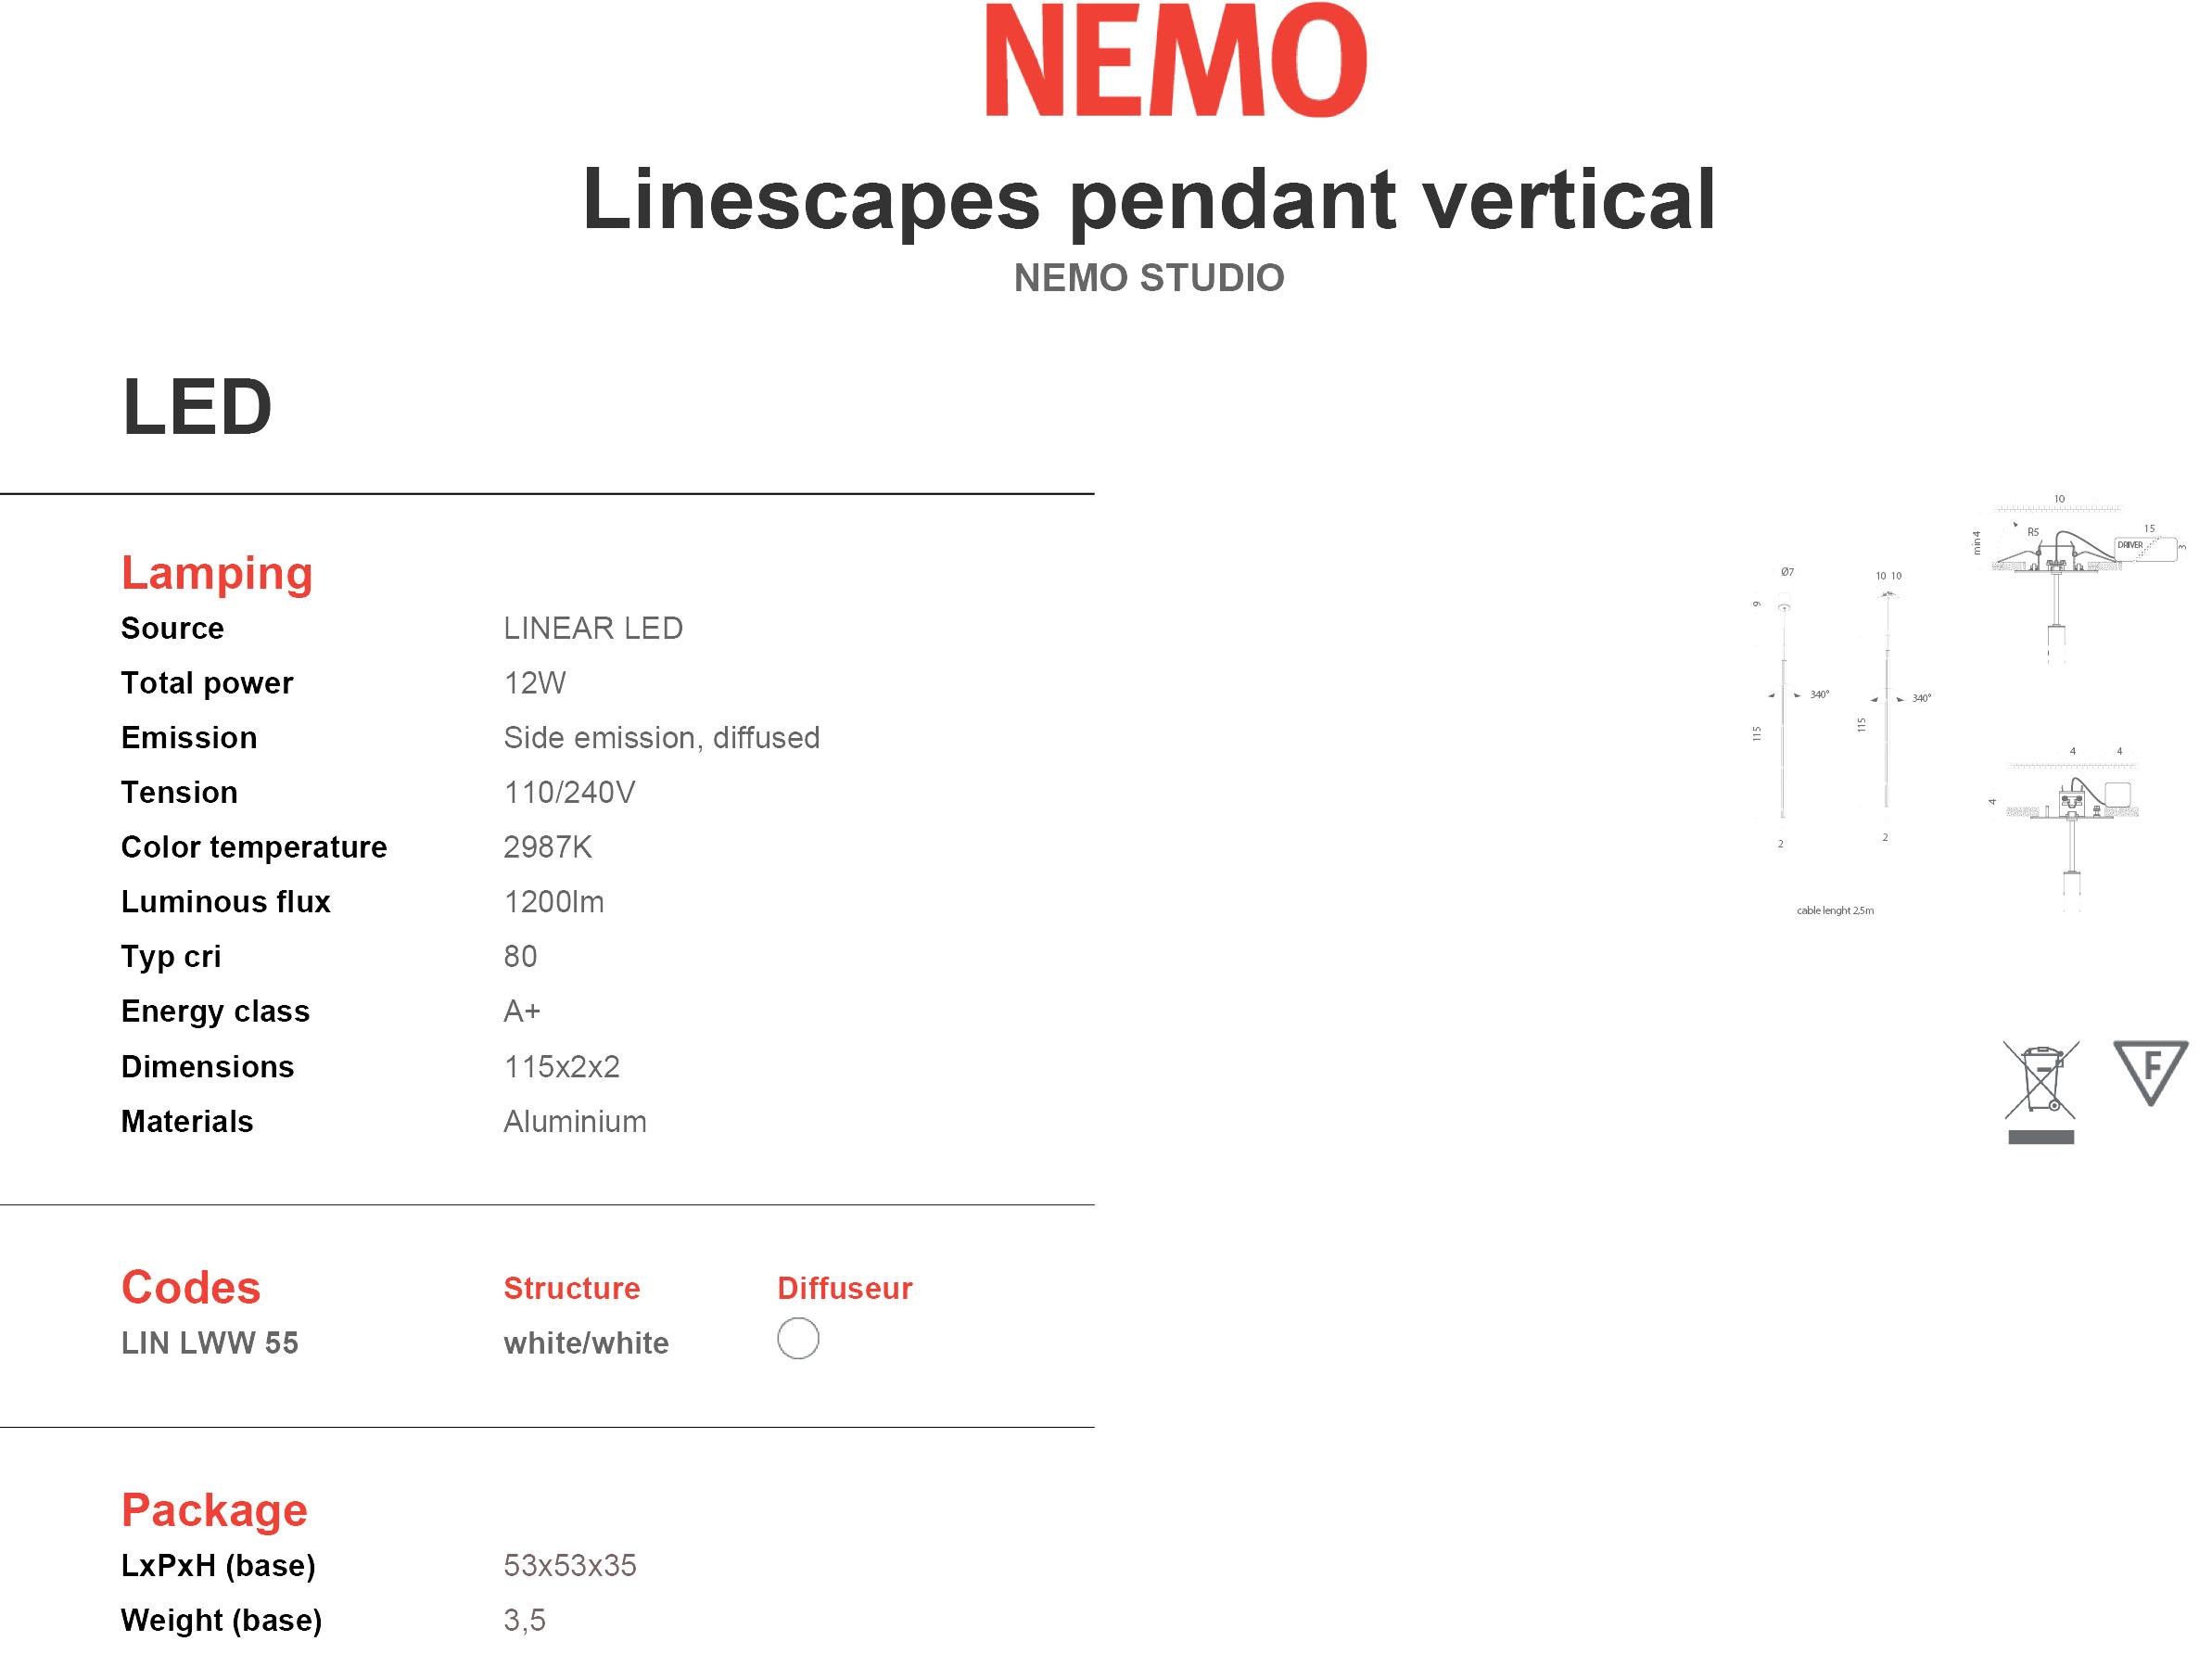 Nemo Linescapes Pendant Vertical Tech
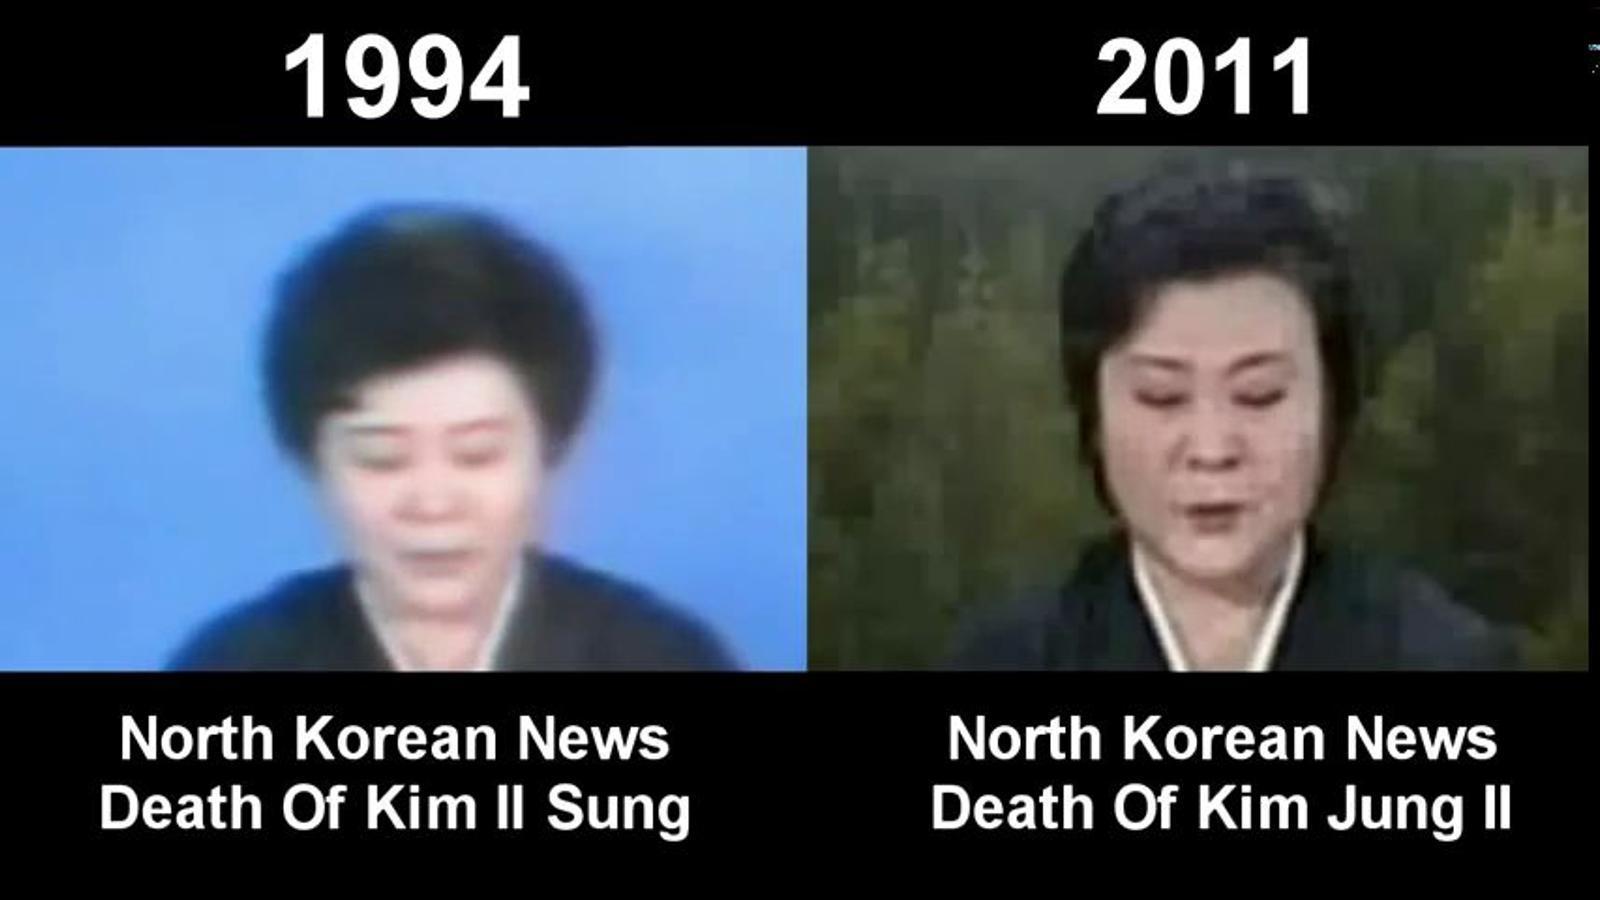 La mateixa presentadora per anunciar la mort de Kim Il-sung i la de Kim Jong-il?
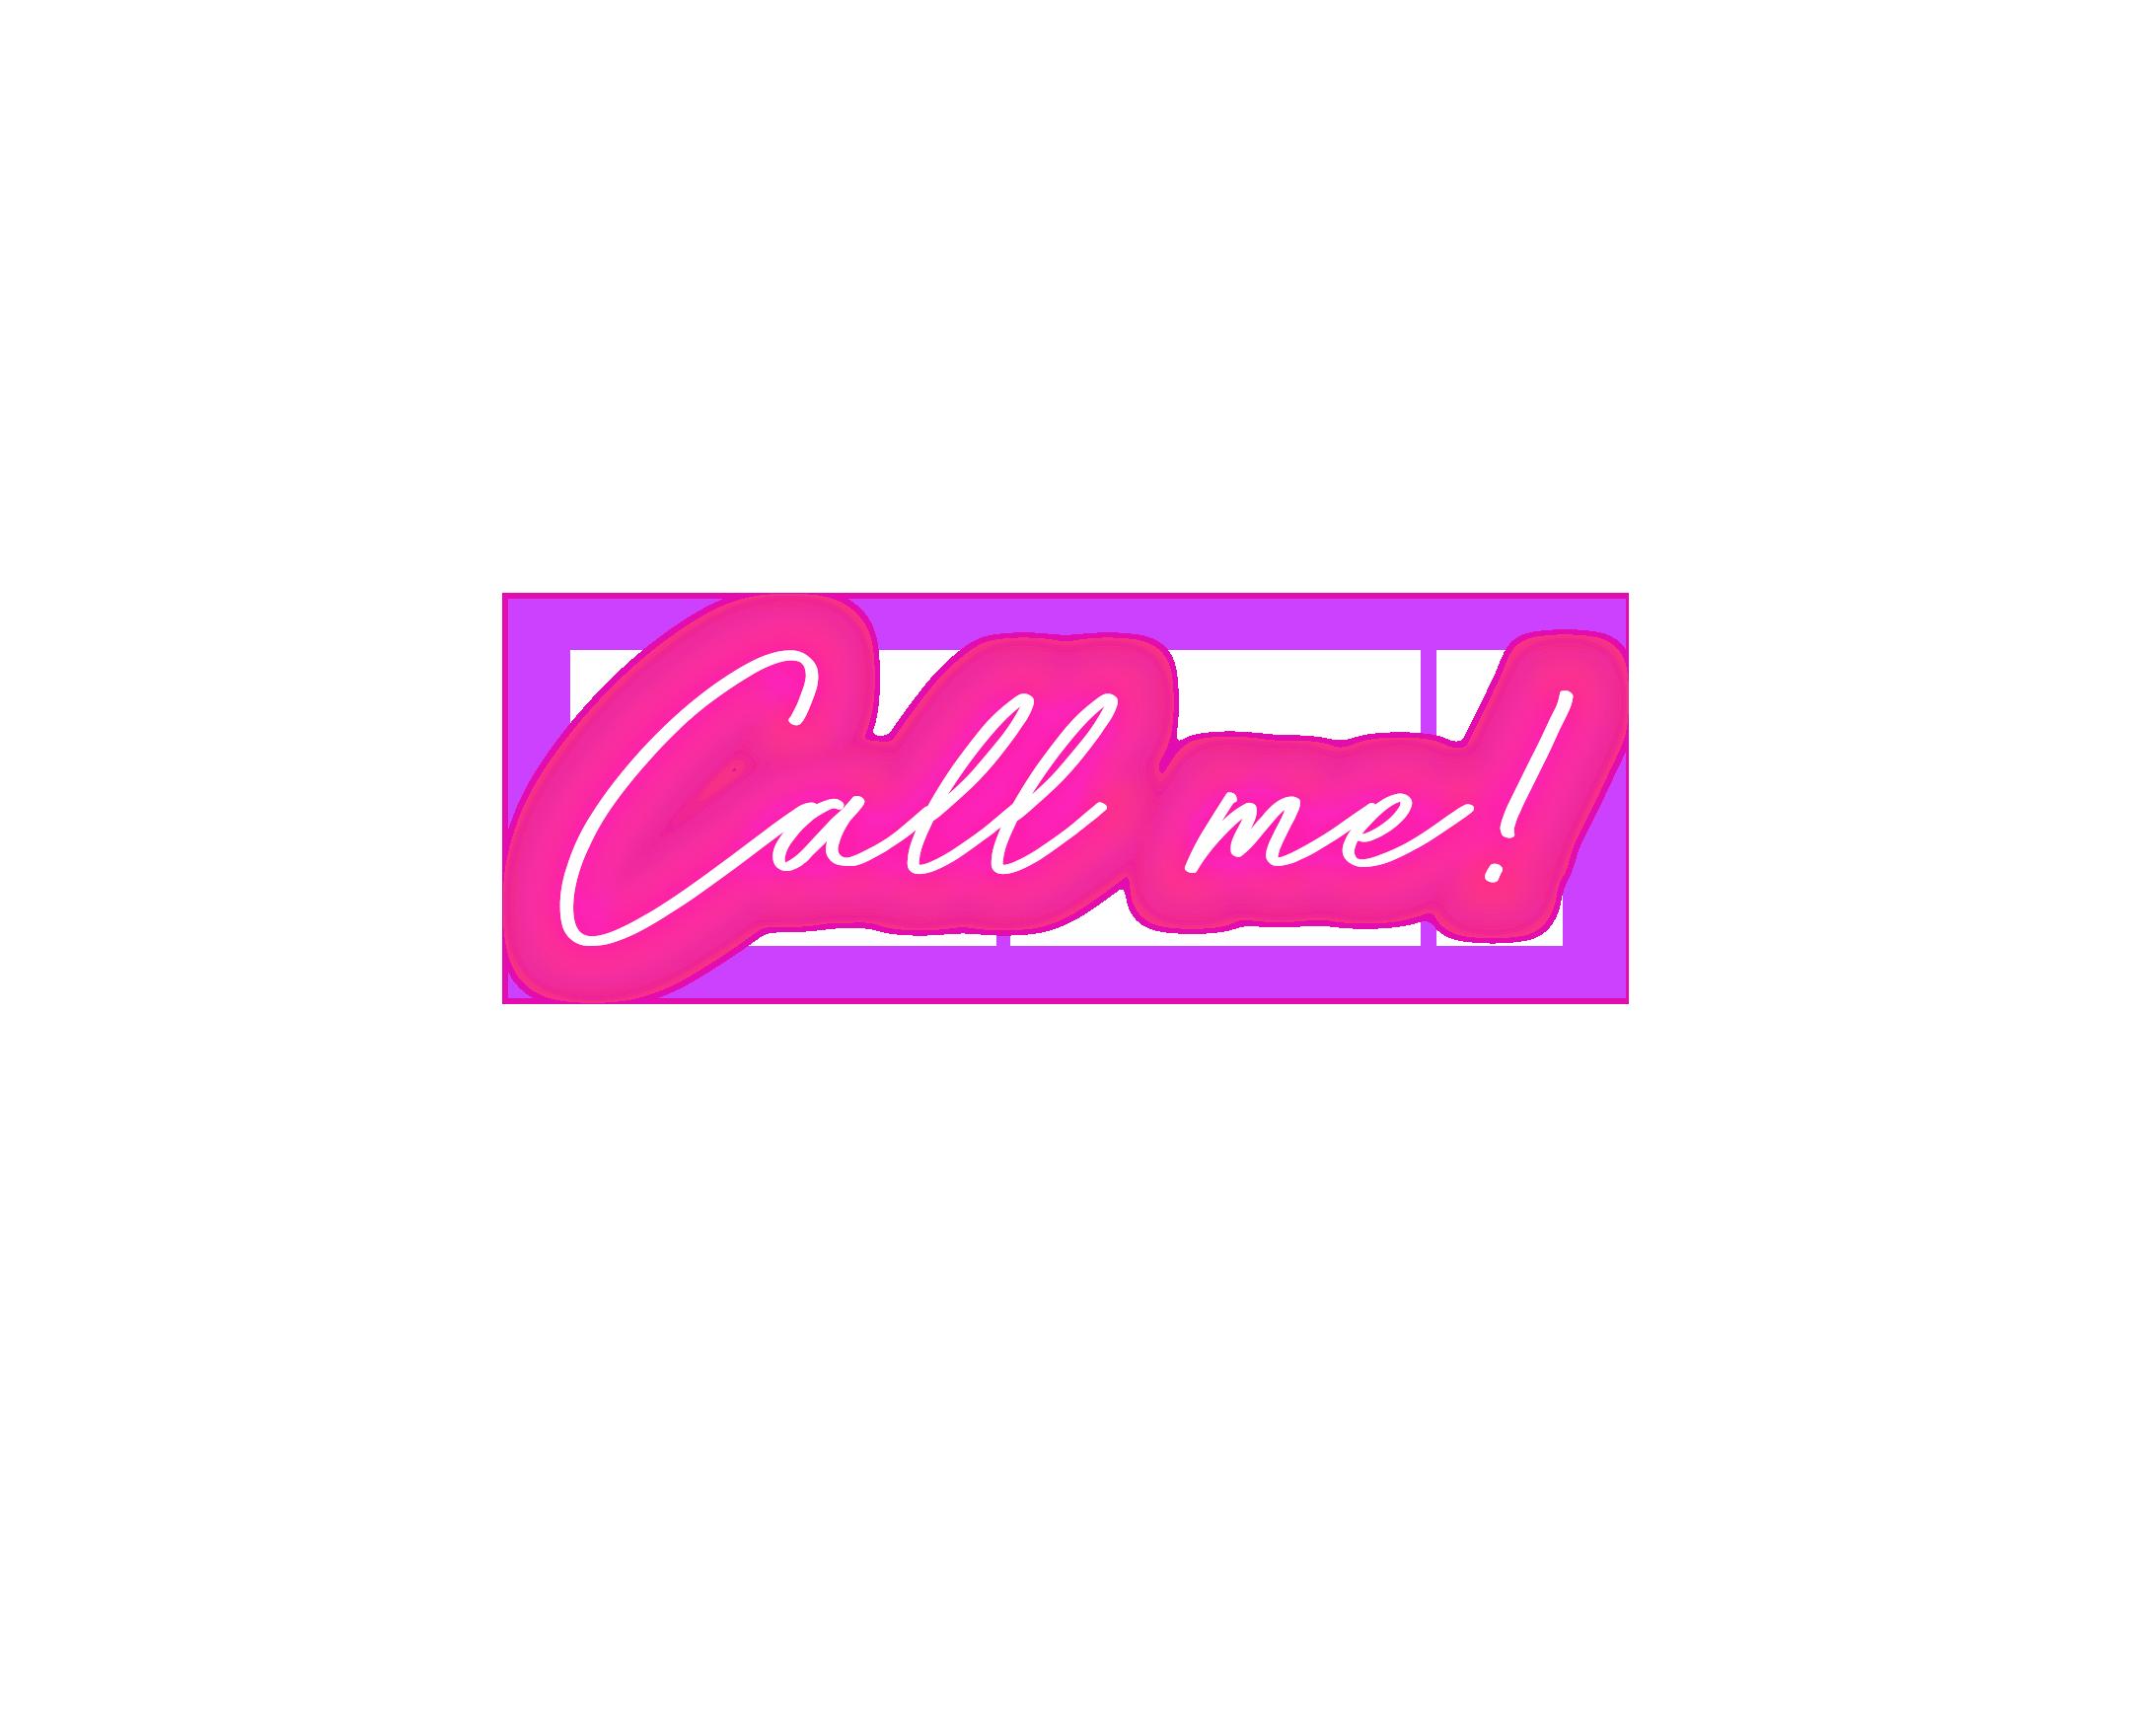 waw_callme.png

-----

#### [About this exercise]
Restate the data above word for word. Skip every picture.

#### [Result of the exercise]
 Nemo Linescapes Pendant Vertical Tech
 La mateixa presentadora per anunciar la mort de Kim Il-sung i la de Kim Jong-il?
 waw_callme.png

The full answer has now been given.